About this exercise: With every picture left out, give the data below back exactly.

Information provided:
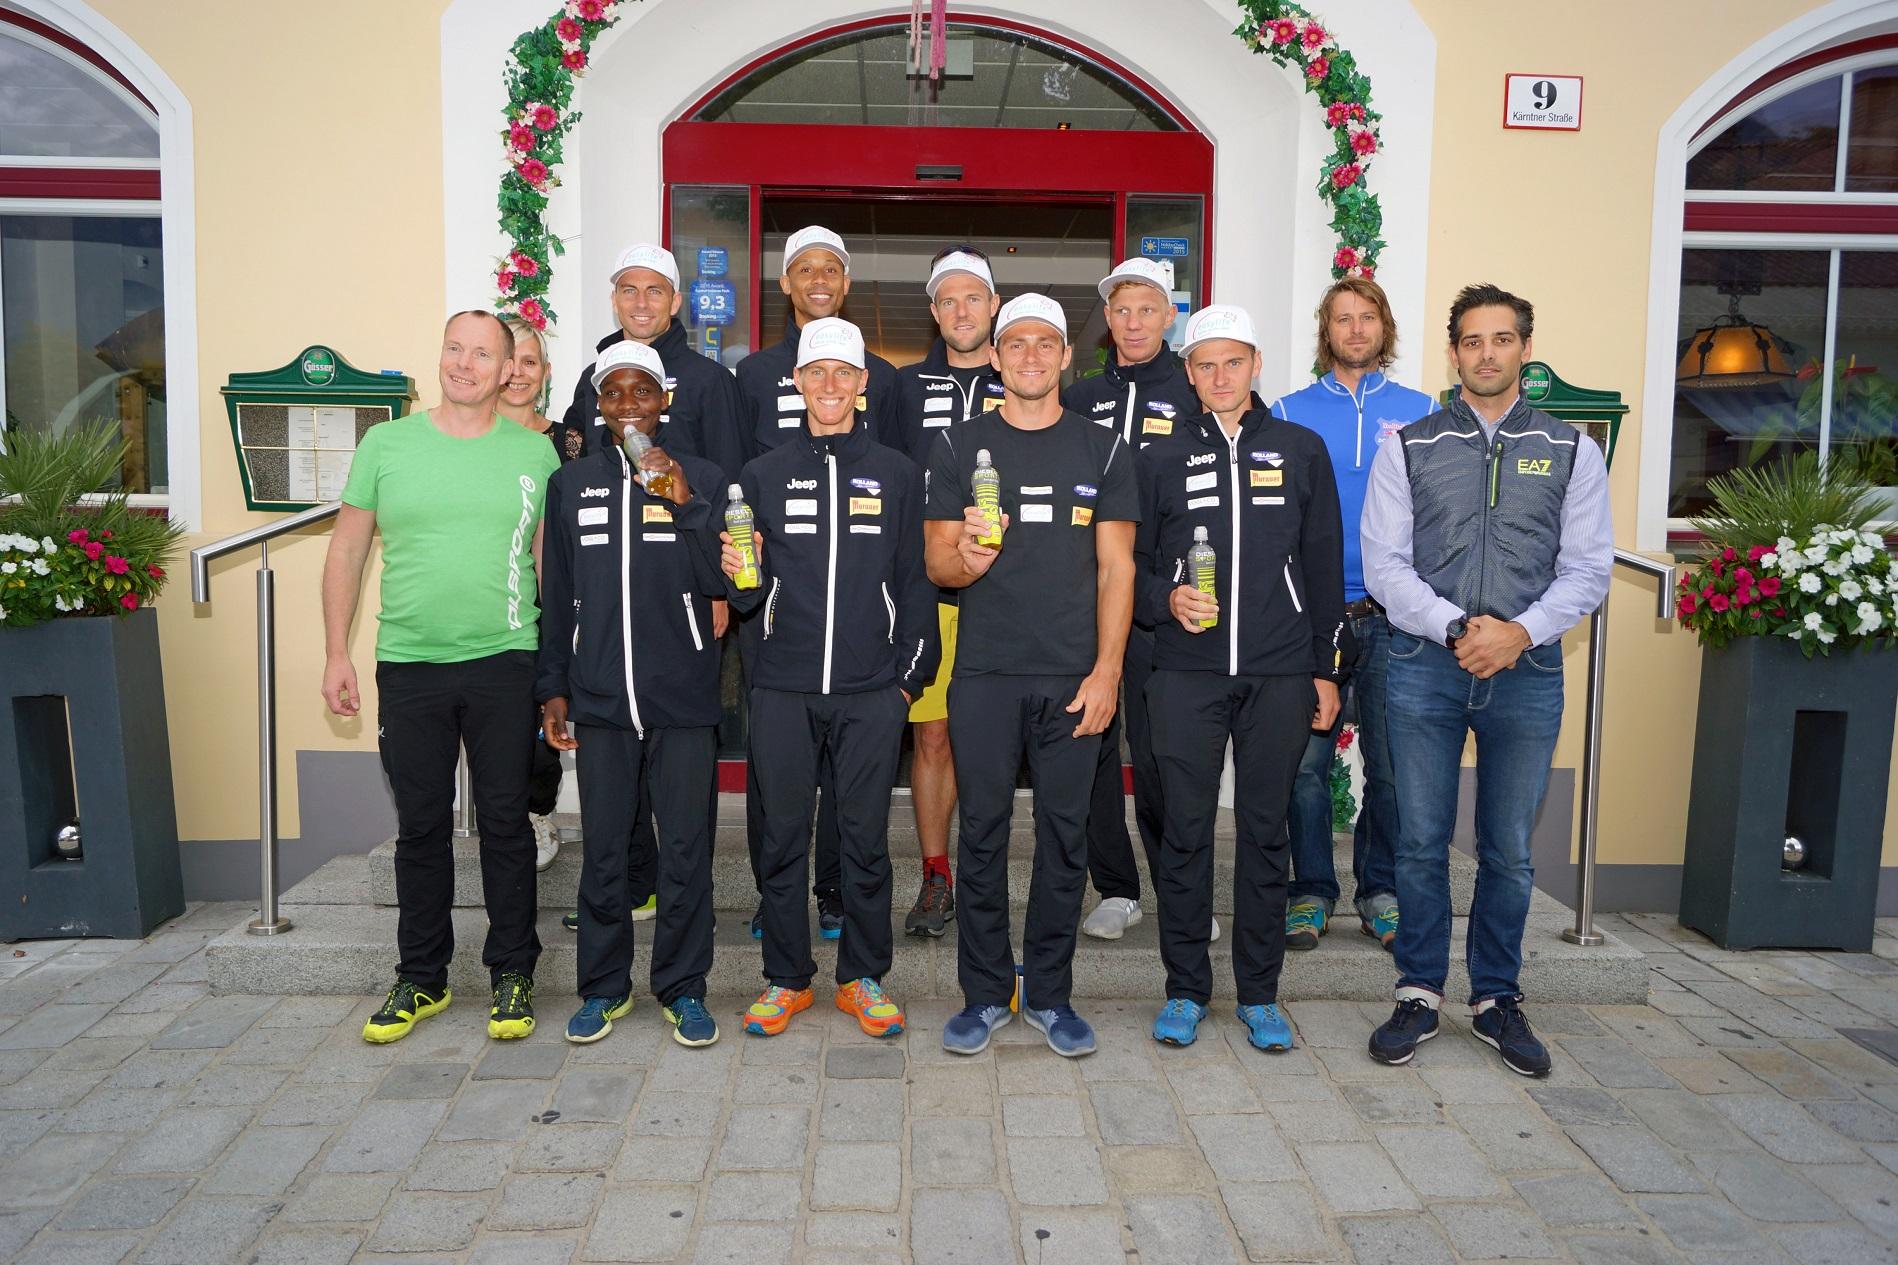 Unsere Athleten mit den Sponsoren. Danke für die großartige Unterstützung!
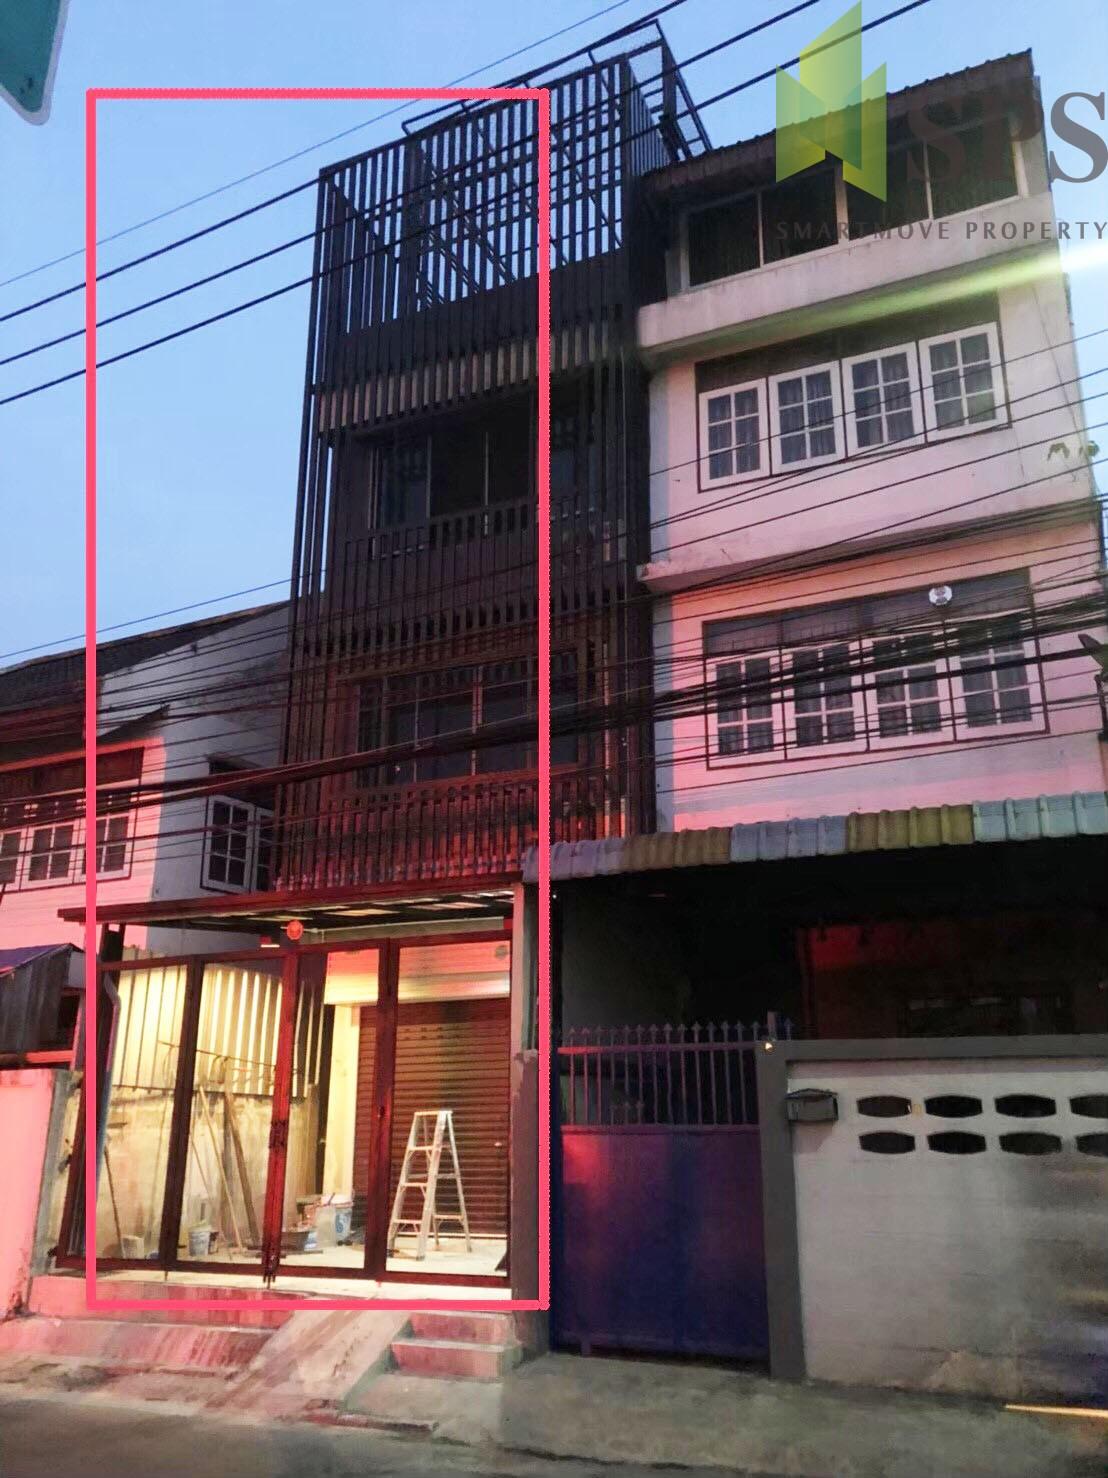 Home office Building Sukhumvit 62 บ้านเป็นตึก 3ชั้นครึ่ง มีชั้นดาดฟ้า (SPS-GH644)
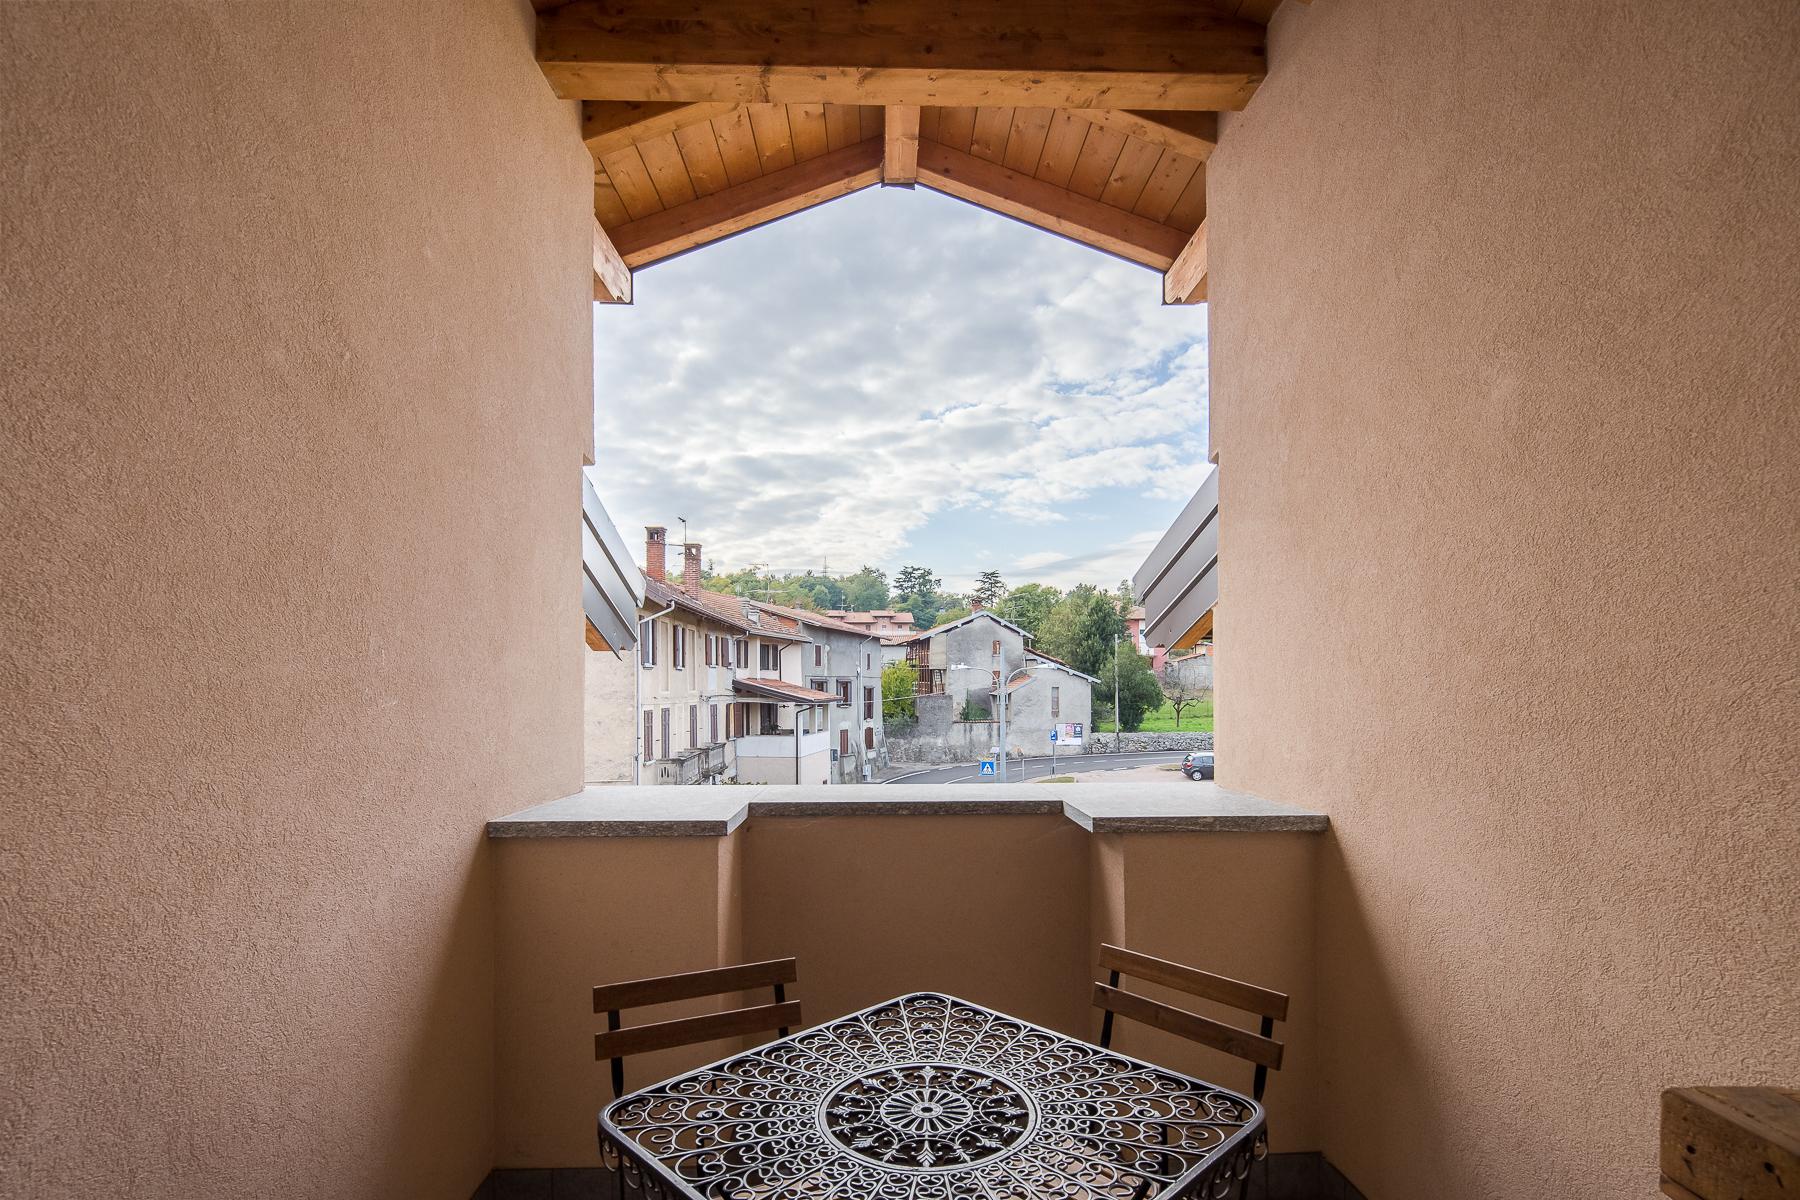 Attico in Vendita a Paruzzaro borgo via borgoagnello

Result of this exercise:
 Unsere Athleten mit den Sponsoren. Danke für die großartige Unterstützung!
 Home office Building Sukhumvit 62 บ้านเป็นตึก 3ชั้นครึ่ง มีชั้นดาดฟ้า (SPS-GH644)
 Attico in Vendita a Paruzzaro borgo via borgoagnello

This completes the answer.